Напарники разом вздохнули, нехотя встали. Один бросил на стол несколько монет. Сыщики вышли из кабачка на углу улиц Камбон и Дюфо и направились выполнять задание бригадье[26 - Сыскная полиция Парижа, некогда тесно связанная с русской «Зарубежной охранкой», делилась в начале XX века на два самостоятельных подразделения – собственно Сыскную (Первую) бригаду и Полицию нравов. Первая подчинялась комиссару полиции и состояла из 5 главных инспекторов, десятка бригадье, нескольких су-бригадье и 215 инспекторов. Манасевич-Мануйлов, покидая Париж после закрытия «Зарубежного отделения», сумел сохранить дружеские отношения с комиссаром, и Первая бригада всегда охотно откликалась на его просьбы, в том числе и весьма щекотливого характера.] в отель «Бургундия», высившийся неподалеку. У отеля они разделились: один из сыщиков, вычислив, куда выходит окно нужного номера, встал у столба напротив, развернув приготовленную газету. Двое других устремились к входу в отель.

У швейцара был набитый на полицию глаз, и он молча, хоть и не без улыбки, распахнул перед сыщиками дверь. Те, засунув руки в карманы, с независимым видом проследовали к лестнице мимо дежурного портье, сделавшего вид, что никого не заметил.

Сыщики знали, куда они идут: в телеграфной депеше, которую Краевский позавчера отправил в редакцию «Русского слова», он указал и свой временный парижский адрес: отель «Бургундия», рю Дюфо. Узнать номер, в котором остановился гость из России, труда не составило.

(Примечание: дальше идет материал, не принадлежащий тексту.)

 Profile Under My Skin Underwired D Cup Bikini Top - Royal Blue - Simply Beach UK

Поднявшись на третий этаж, сыщики привычно разделились: один, уткнувшись в захваченный буклет, остался контролировать обстановку на площадке, а второй, вертя на указательном пальце кольцо с несколькими отмычками, направился по красной ковровой дорожке к номеру № 324. Перед нужным номером сыщик остановился, оглянулся и прислушался: коридор был пуст и тих.

Вторая отмычка легко открыла замок. Сыщик, придерживая дверь, щелкнул языком, и напарник, оставив свой пост, быстро устремился к нему. Зайдя в номер, первый, не запирая дверь, подсунул под нее приготовленный деревянный клинышек.

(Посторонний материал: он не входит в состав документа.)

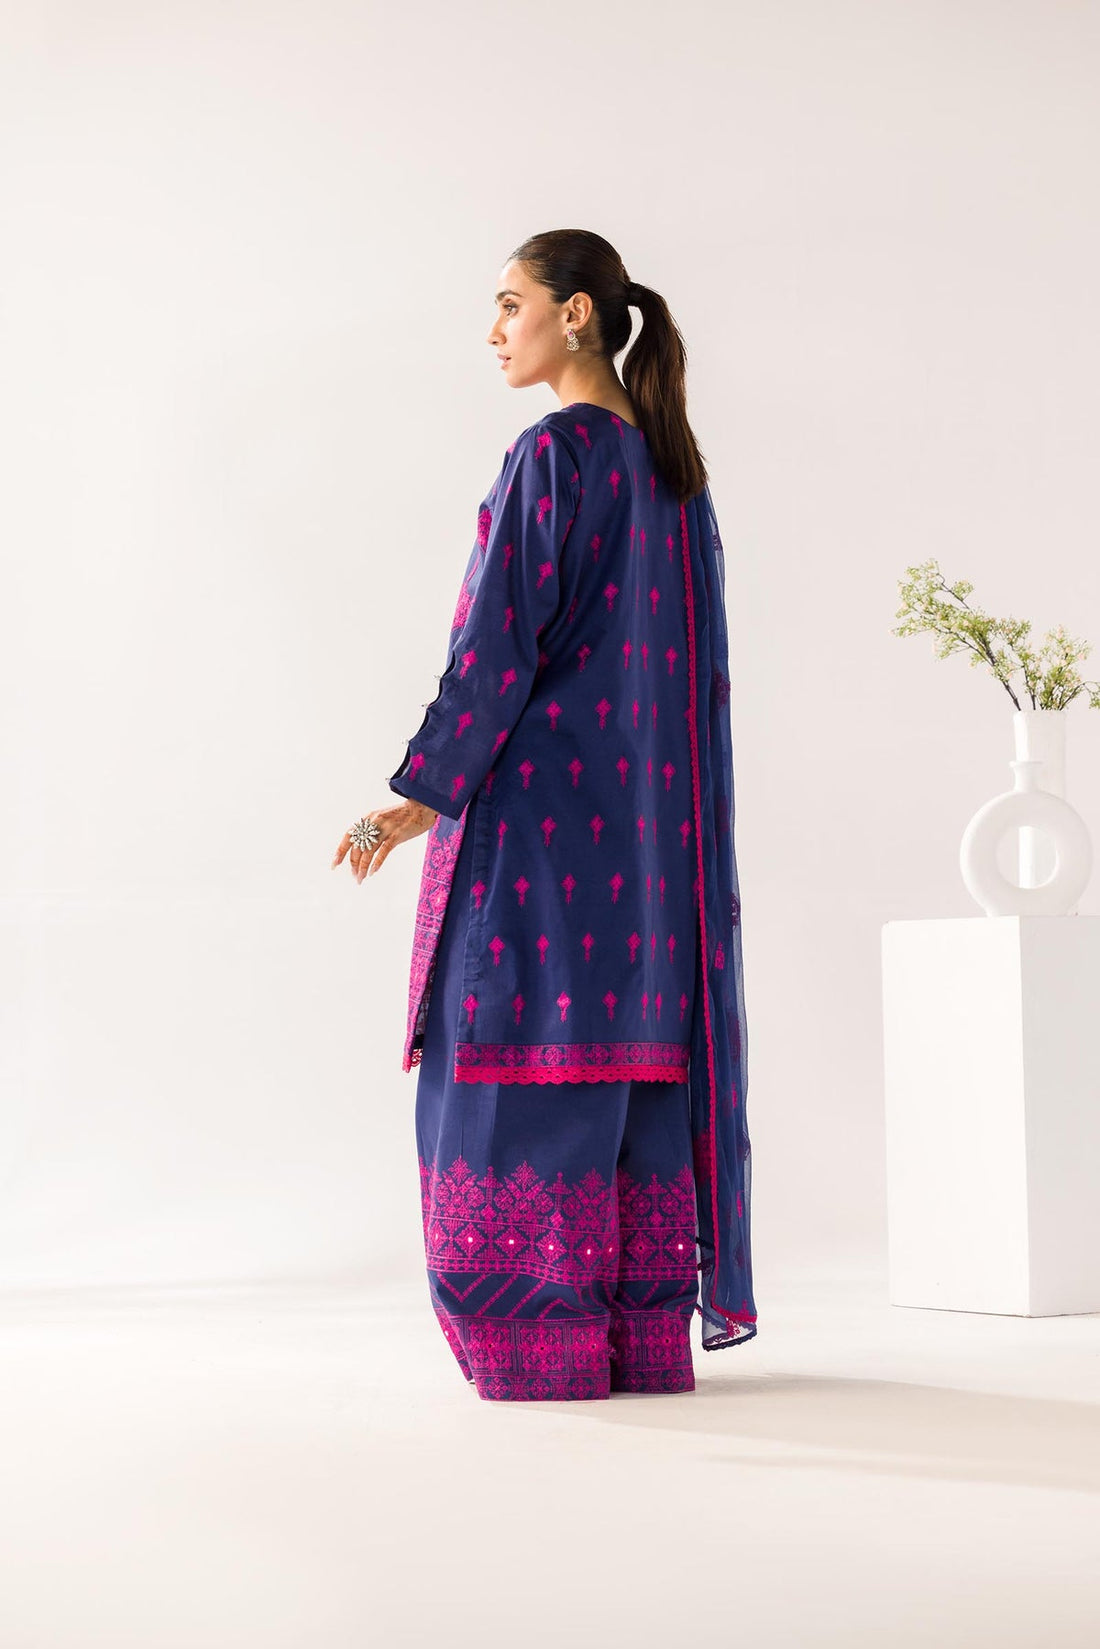 TaanaBaana | Signature Series | S3258A - Khanumjan  Pakistani Clothes and Designer Dresses in UK, USA

Напарники давно работали вместе, поэтому не метались по номеру, мешая друг другу. Пока один обыскивал чемодан и саквояж Краевского, второй быстро проверил обычные тайники, используемые осторожными постояльцами отелей. Он заглянул под кресла, под матрац, заглянул под несколько репродукций картин, украшавших стены номера, отогнул края ковра, охлопал тяжелые шторы.

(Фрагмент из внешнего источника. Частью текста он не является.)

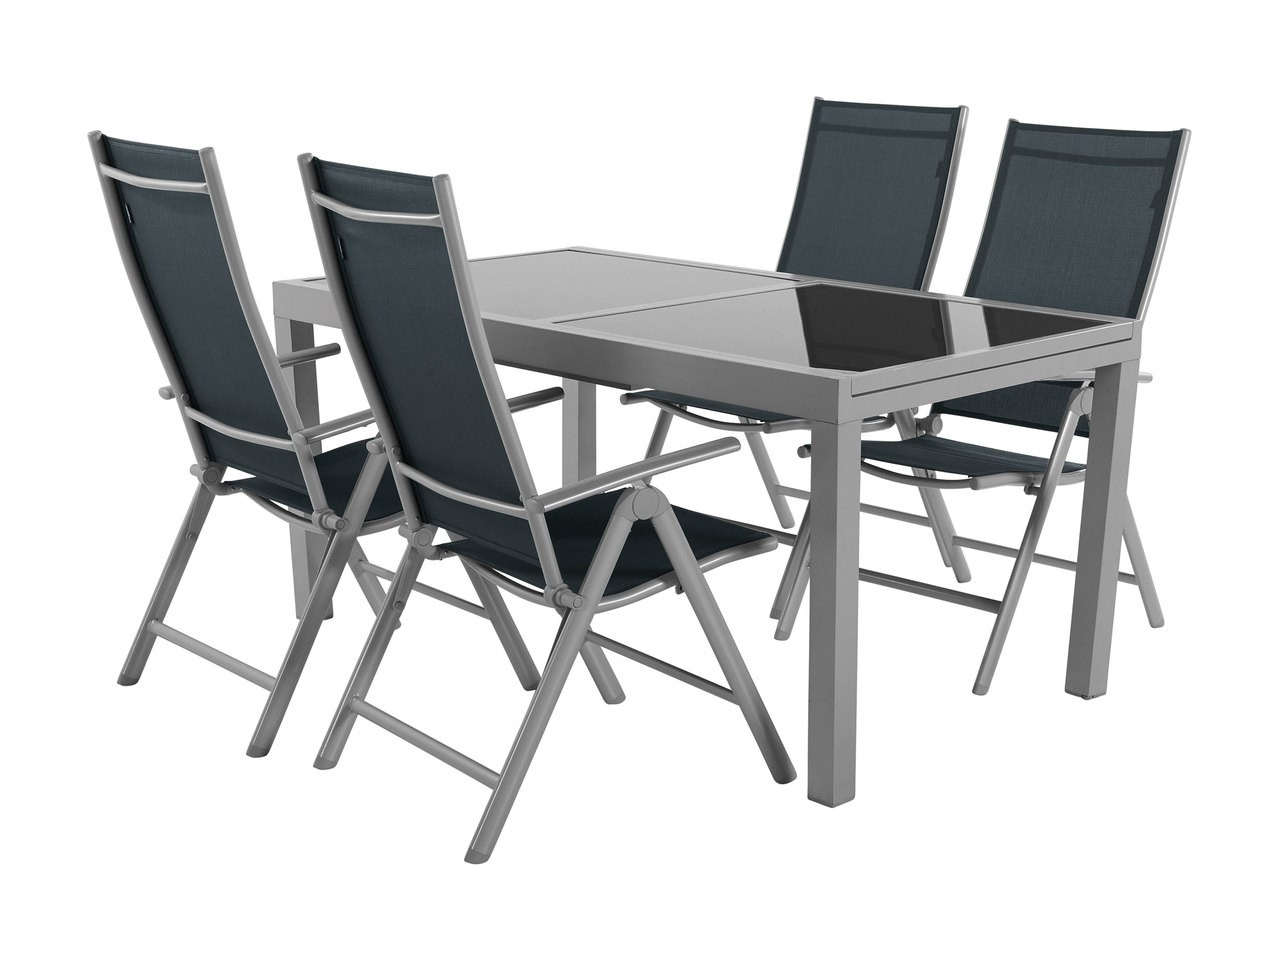 Florabest Aluminium Folding Chair1

– Этот русский – что, социалист? – деловито спросил младший сыщик. – Что мы, собственно, ищем? Только паспорт?

– Британский паспорт на имя Палмера – и все! Больше нас тут ничего не интересует! – напарник сквозь зубы выругался, наколов палец булавкой для галстука.

– Такие вещи обычно носят при себе, – заметил второй, не прекращая деятельных поисков.

– Бригадир сказал, что этим вторым паспортом он в Париже вряд ли будет пользоваться. Ты все хорошо посмотрел?

– Почти. Осталась ванная и туалет. Но носом чую – пустышку тянем!

– Заткни свой нос и ищи! Русские непредсказуемы!

Продолжая поиски, сыщики время от времени выглядывали в окно: не подаст ли сигнал тревоги оставшийся на улице агент. Но тот пока продолжал увлеченно «читать» газету.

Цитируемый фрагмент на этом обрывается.